Class E (Table 11S) included significant SNPs in the CLSTN2 and ANO3 genes, which have been already described above as candidate loci pointed out by both association and pathway analyses. This category included also rs157582 (combined p-values = 5.99*10-4), a SNP located in the TOMM40 locus and extensively described to be associated to diastolic blood pressure, high density lipoprotein cholesterol measurement, high levels of triglycerides (A allele) and Alzheimer diseases [39–41]. The rs157582-A allele was found to be beneficial (or neutral) until 85 years, while its frequency decreases in centenarians indicating a potential deleterious impact for reaching longevity.
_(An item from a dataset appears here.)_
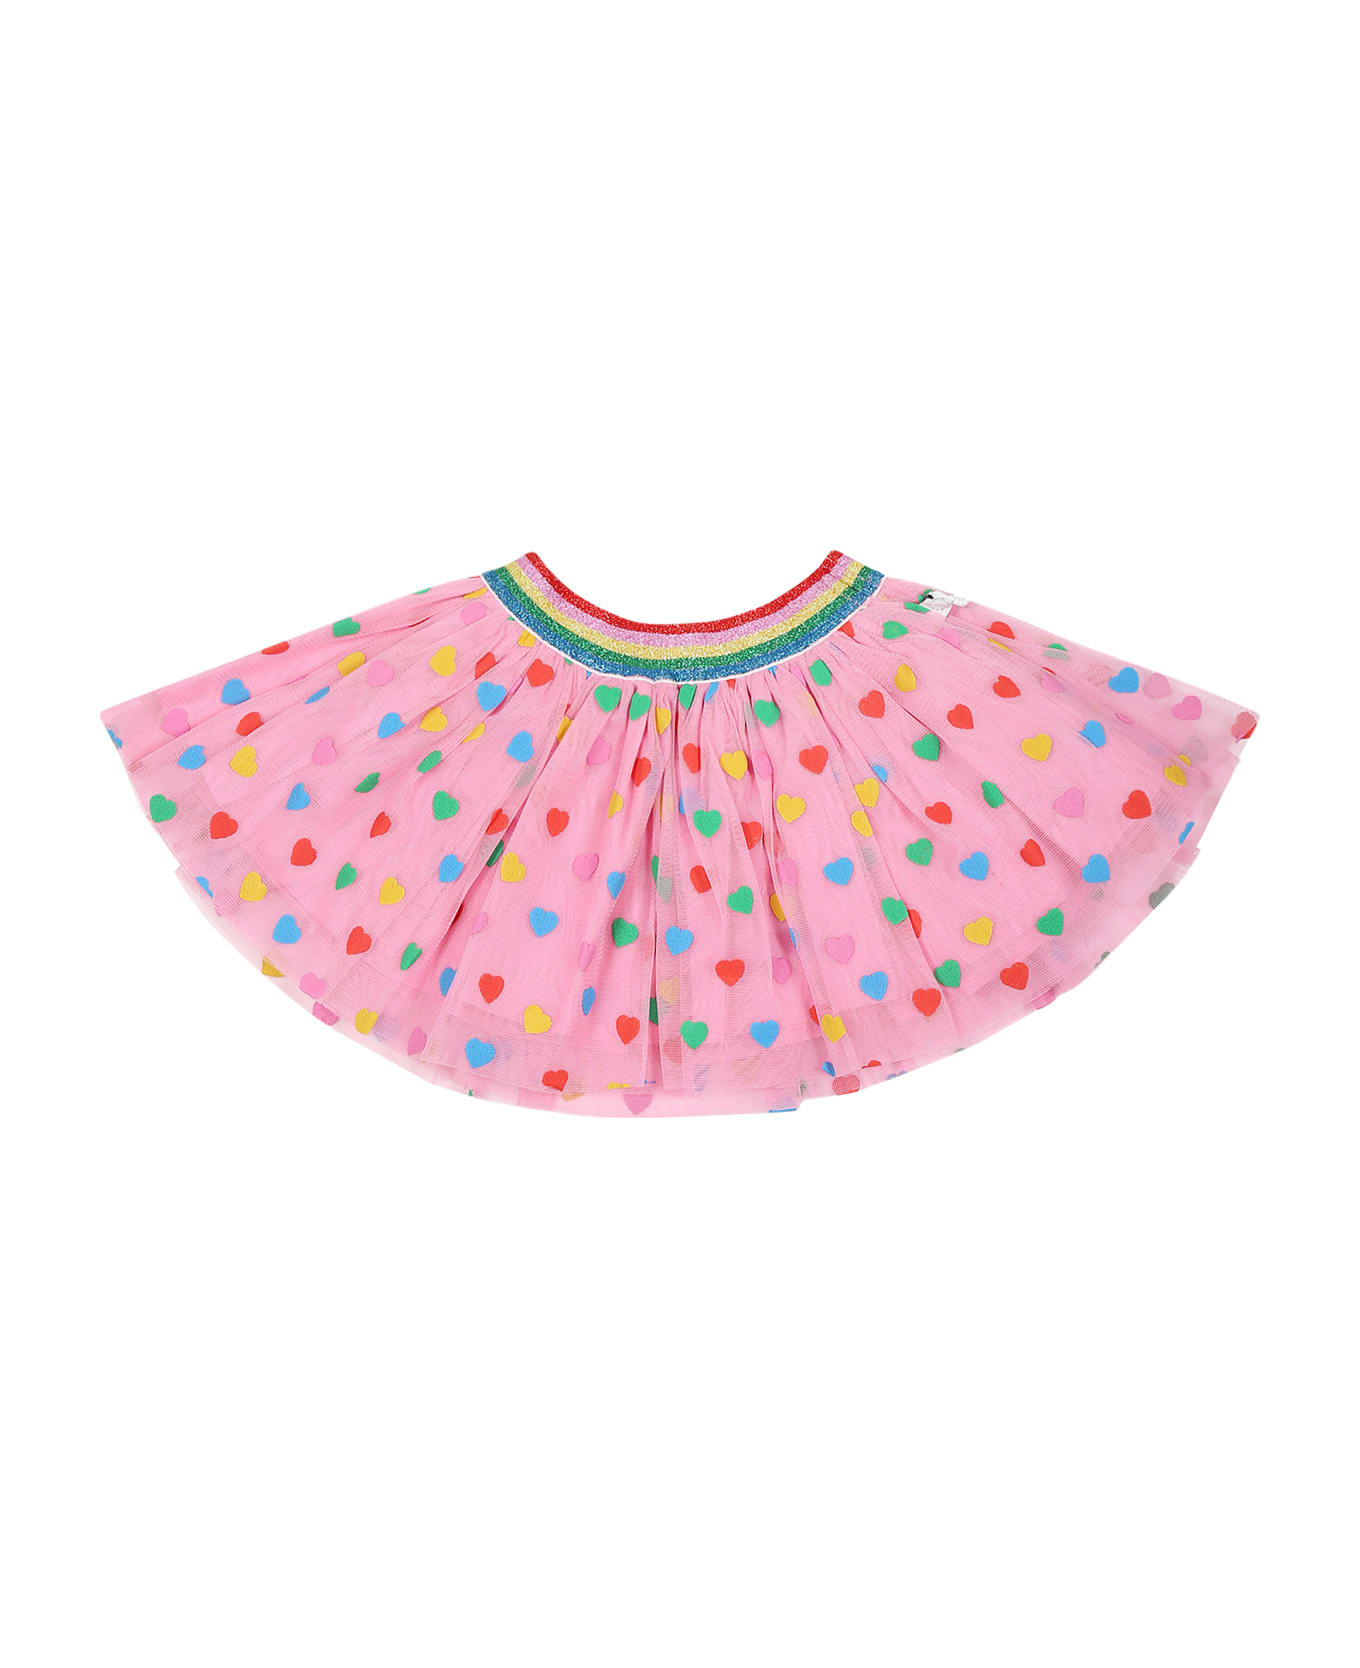 Stella McCartney Kids Pink Skirt For Baby Girl With Hearts - Pink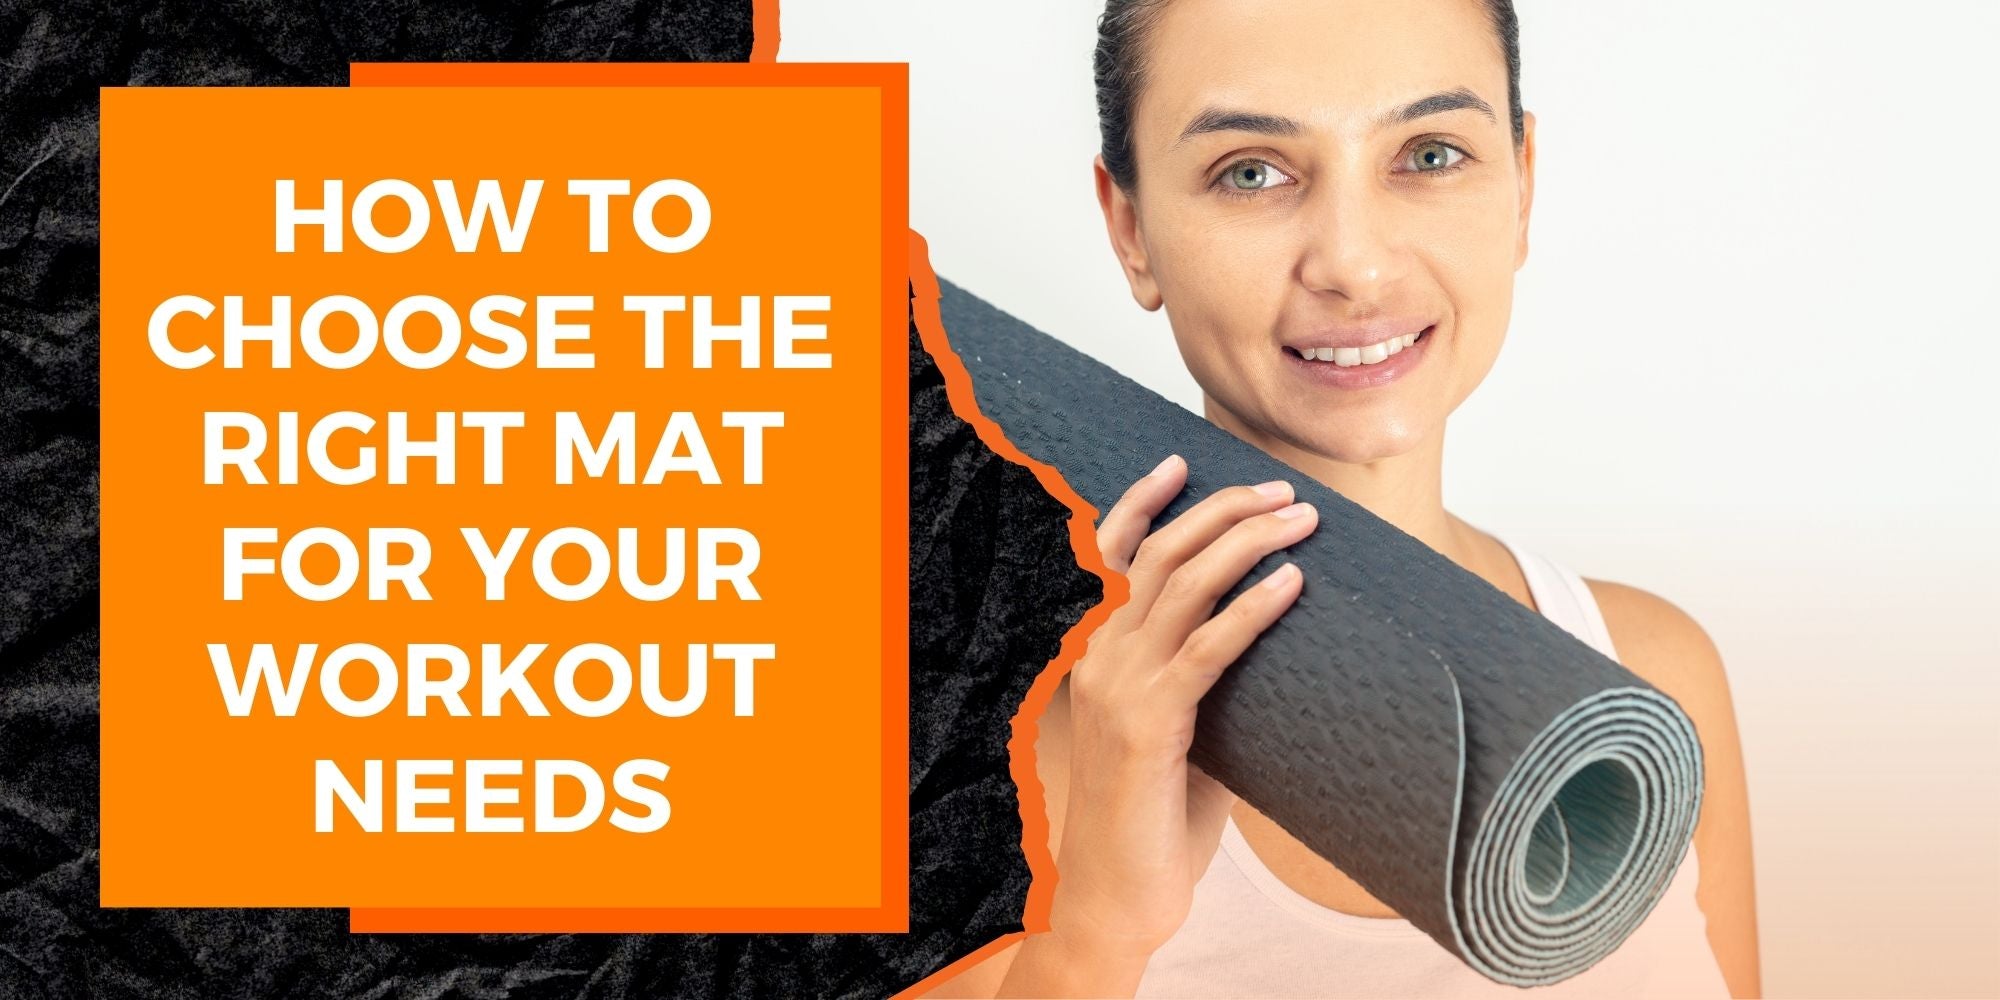 How to Choose the Right Exercise Mat for Your Workout Needs

Finally, Class F (Table 12S) included significant variants at genes described above, such as SMARCA2, IRAK2, and NACAD, as well as two SNPs (rs16578 and rs6505393 combined p-values 5.84*10-6 and 3.19*10-4, respectively) that mapped on the ASIC2 locus. This gene seems to play a role in neurotransmission and it has been described as a plausible candidate locus in a meta-analysis of four GWASs of survival to age 90 years or older [42] and in a recent paper focused on Chinese centenarians [43].
Overall, the analysis of SNPs allele frequency per age class identified promising candidate loci for further studies. In particular, more data and biological validation on longitudinal cohorts of centenarians are needed to better clarify the role of these genes in shaping complex gene-environment (GxE) interactions.